You then run it locally with something like:

docker run -it --rm -n myservice -p 8000:4321 -v /home/me/mydata:/var/data myservice

Or, if you want to start it in the background:

docker run -d -n myservice -p 8000:4321 -v /home/me/mydata:/var/data myservice

This says “what the inside of the container thinks is port 8000 should be port 4321 on the host, and what the inside of the container thinks is path /var/data, should be path /home/me/mydata on the host.”

A lot to wrap your head around! The CPU runs microcode to implement an instruction set, the instruction set runs a hypervisor, the hypervisor runs a VM, the VM runs a kernel, the kernel runs a container host, the container runs a service. (If you're lucky, the service is written in .NET or Java and has its own second VM, that in turn runs the service …) As a developer, 90% of the time, you can ignore the layers you're not concerned about, but in live use cases, it helps a lot to have an idea of what's going on all through the stack. Both for security, performance, and lack of surprises :-)

http library

Each http library comes with its own “quick start” instructions, of varying quality depending on the library. I've personally used https://github.com/yhirose/cpp-httplib​ and it's alright. It has reasonable getting-started documentation; nothing much to say.

running at work

“At work” depends on where you work and how it's set up! Modern software deployment organizations have an “infrastructure” team, which provides some kind of host and service routing fabric, and you then build your own containers and provide manifests to the infrastructure team. Their job is to keep the fabric/hardware up; your role is to build good containers that do what they're supposed to. If you're alone, you'll probably use a simple container service like AWS Elastic Container Service, or Amazon Lightsail, or Google Container Engine. Once you want “more than one” you might go to a hosted Kubernetes service like AWS EKS or Gcloud GKE. Those take the job of the “infrastructure team” and you deploy to them typically by describing all the bits you need (database containers, cache containers, service containers, …) in yaml files, and have the yaml files point at some docker repository where it gets the container images.

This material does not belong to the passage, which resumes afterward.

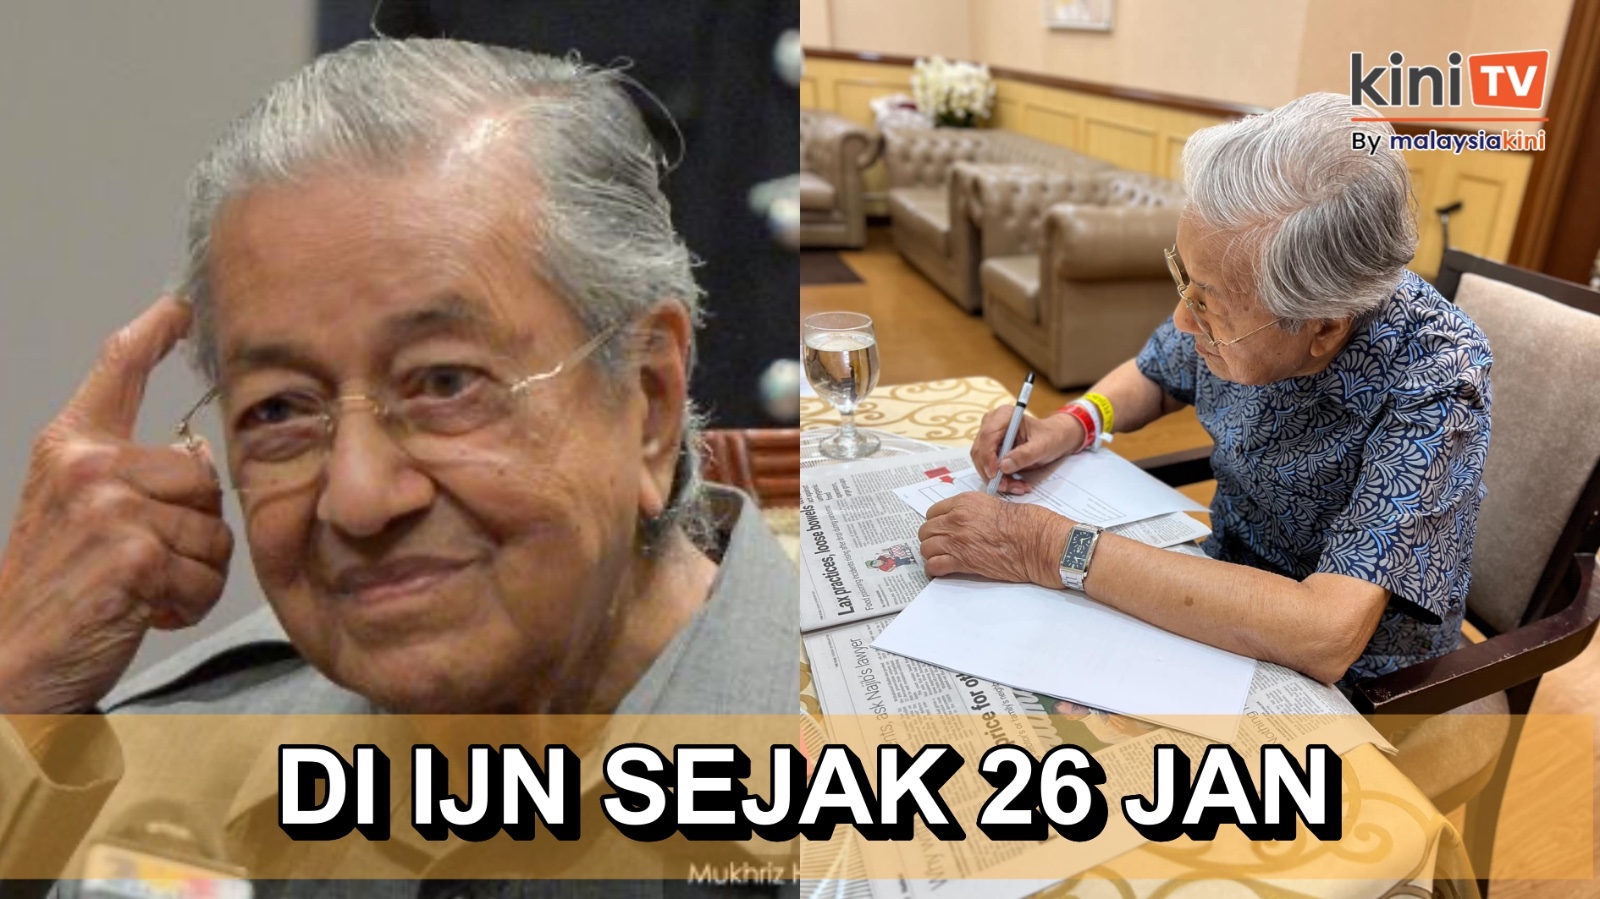 Mahathir masih dalam proses pemulihan di IJN - Pembantu
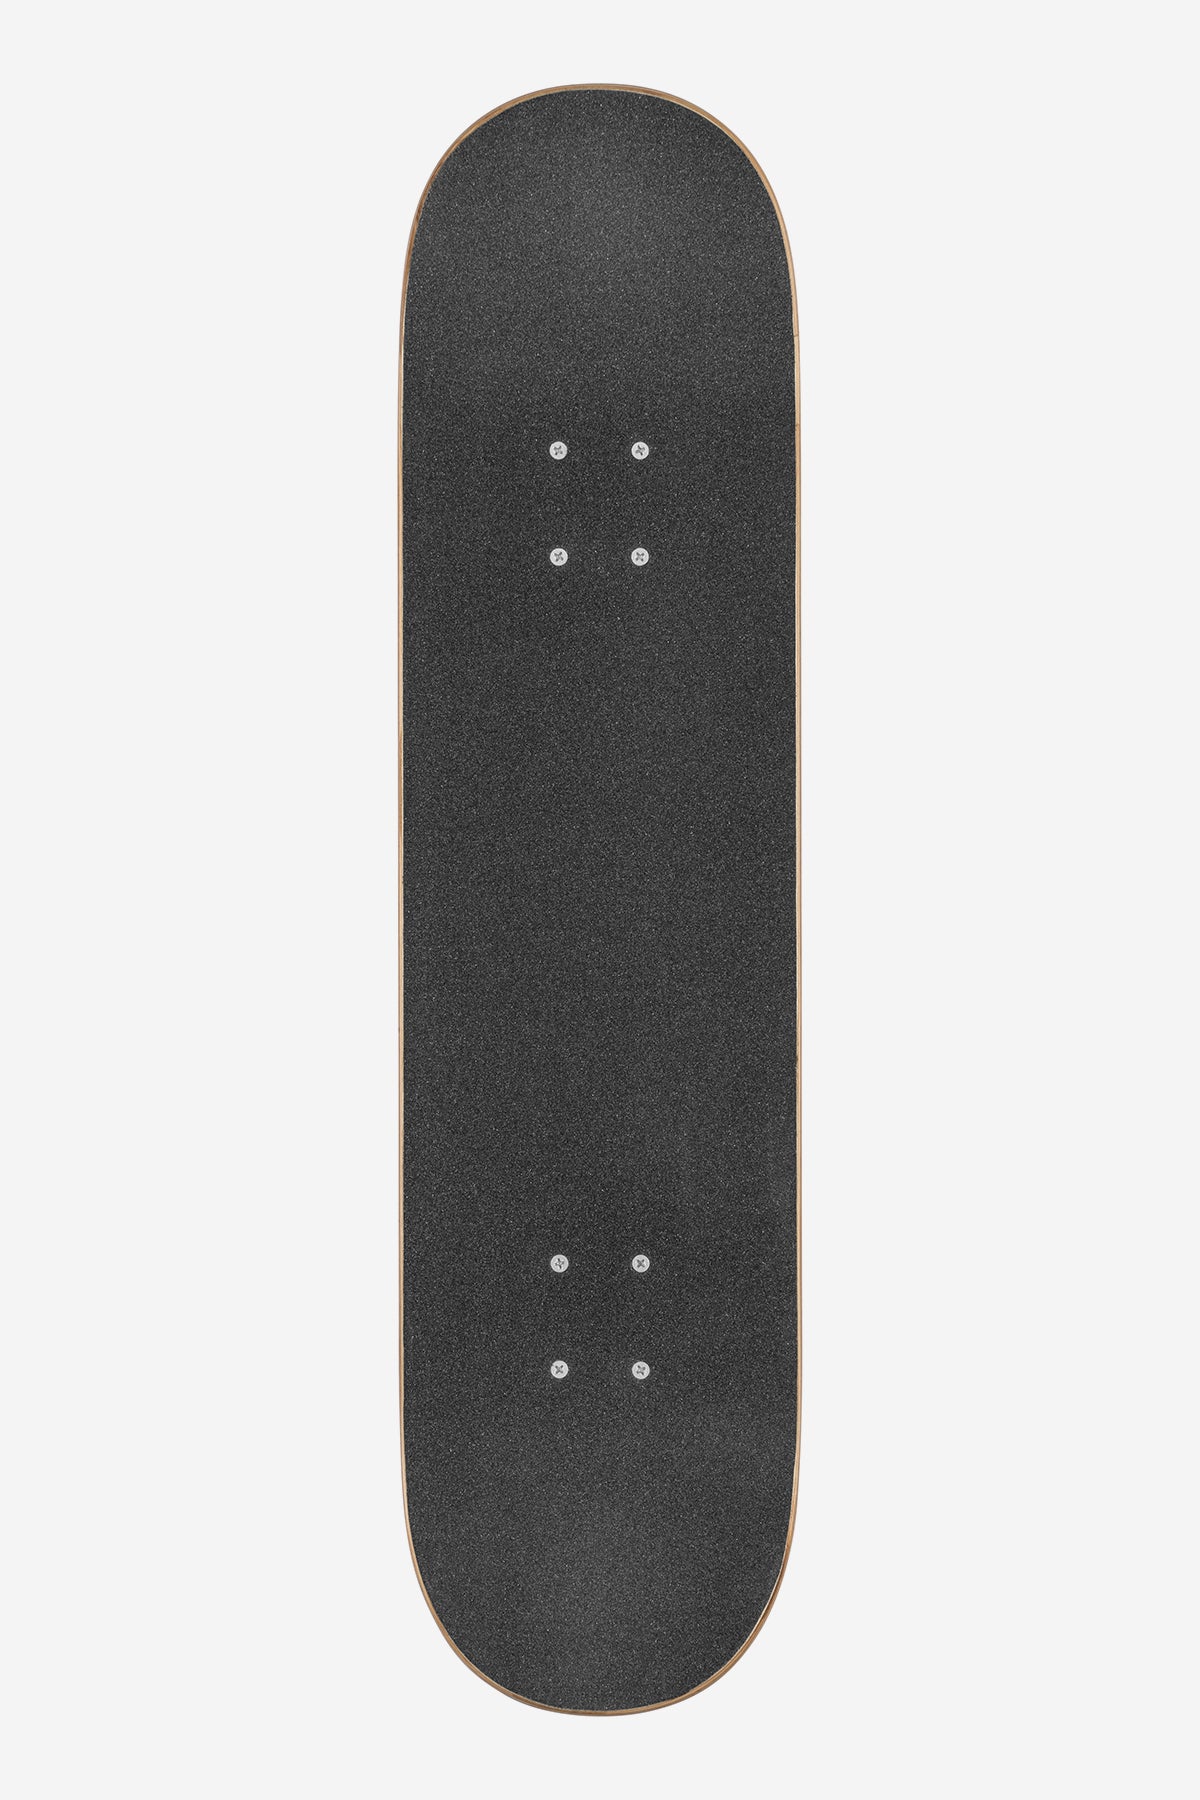 grip tape of G0 Fubar 8.0" Complete - White/Black

Even if your “at work” is just providing bare hosts or VMs, they will likely have some reverse proxy that needs to be configured for your service to be discovered, but how that works, depends entirely on who or what the implementation is. It's useful to understand the bits and pieces that all have to come together to make it work, though; it gives you some concepts and words to look for to keep it all together. No matter whether you use F5 bigiron or envoy or nginx or perlbal, they all end up having to do the same thing, because that's how the internet works :-)

basic server skills

The modern internet is built on a strata of tons of underlying technologies. It helps to know how each of them work, at least a little bit. Anything from “the HTTP protocol" to “kernel resource virtualization” will absolutely affect how your service runs. Unfortunately, I don't know of great materials for “the whole stack” – it's either newbie stuff that glosses over too many details, or it's for-experts deep dives that are aimed at people who are going to do a lot of work at each layer. But a few days of reading web pages, watching a few youtube videos on 1.75x speed, and, most importantly, playing around by yourself, usually helps!

Just very basically, how does the C++ program the server. Is the server provided with the software I write?